Only a restoration of values at the heart of a reborn culture could possibly deal with the contemporary sickness of the Jewish people. He believed, moreover, that any Herzlian hope of bringing the majority of the world's Jews to the new Jewish centre was unrealistic, and that the country would only attract – could only attract – a minority of Jews. He called, instead, for a small group to come to the new society and dedicate themselves to a mission – the building of a Jewish culture based on the prophetic ideas of justice and righteousness. He believed that the new society, having built up its base in its own soil, could then start to radiate its message and experience to the Jewish communities of the world thereby reinforcing Judaism in the Diaspora - this, he felt, was realistic."
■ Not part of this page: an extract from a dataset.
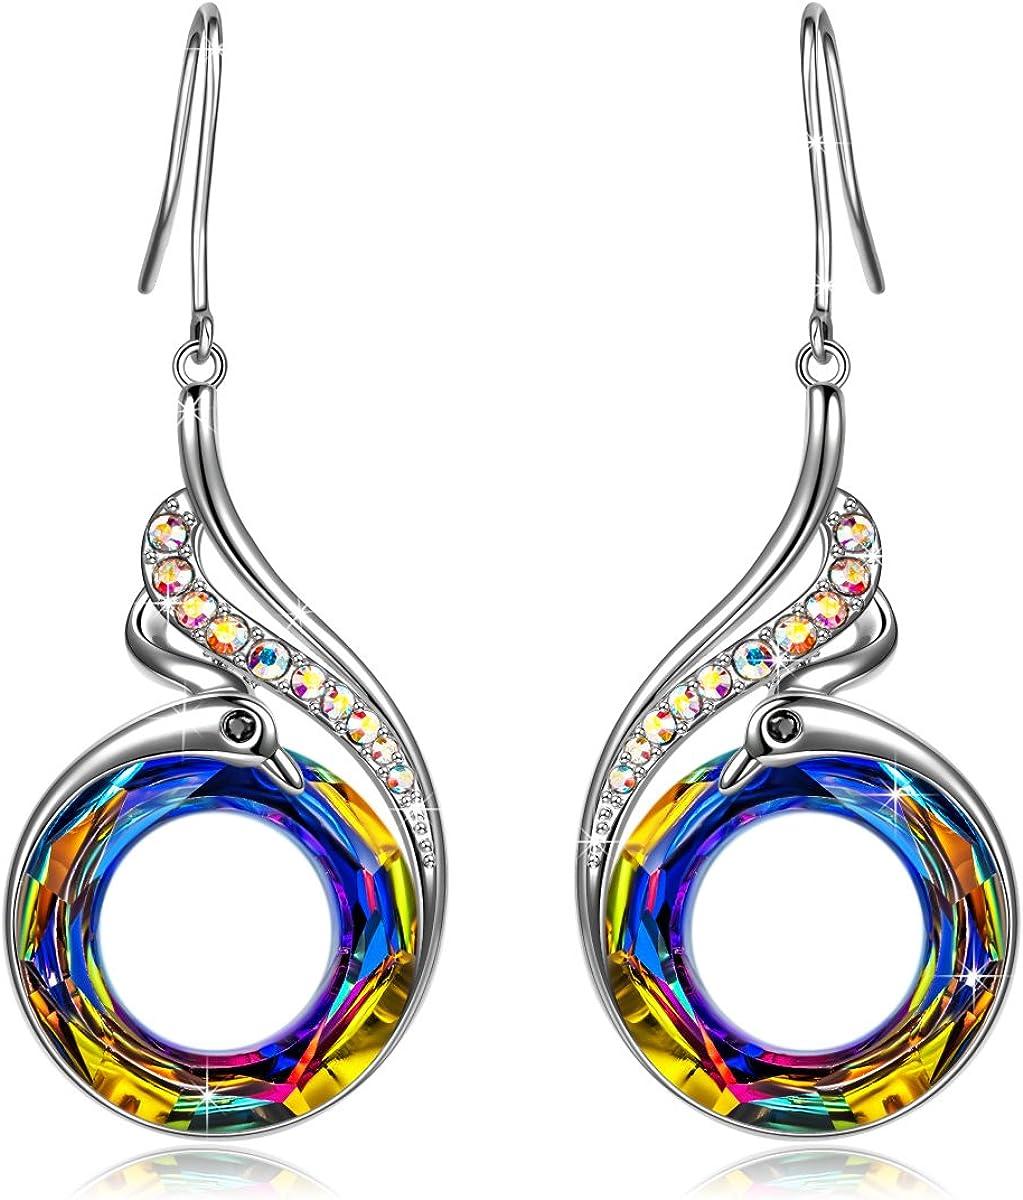 Kate Lynn - Nirvana de Fénix - Pendientes, Simbolizando la Suerte y la Renovación, Cristales de Swarovski, Diseño Original, Elegante caja de Regalo

May 29, 2007 - Jewish Agency for Israel
The Jewish Virtual Library, an online encyclopedia, in an article titled "Religious Zionism" stated (accessed on May 29, 2007):
II. Religious Zionism
In Palestine, Rabbi Avraham Yitzhak Kook [first Ashkenazi Chief Rabbi of the Jewish community in British Mandate Palestine] gave Religious Zionism his personal and spiritual endorsement, regarding settlement in the Land of Israel as the beginning of Redemption.
Religious Zionism has pledged much of its efforts and resources to constructing a national-religious education system. Hapoel Hamizrahi branched away from the main movement (1922) to focus on Orthodox rural settlement in Palestine under the slogan 'Torah va'Avodah' (Torah and Labor). In 1956, the two movements, Mizrachi and Hapoel Hamizrahi, united under the umbrella of the National Religious Party, active in Israeli politics today."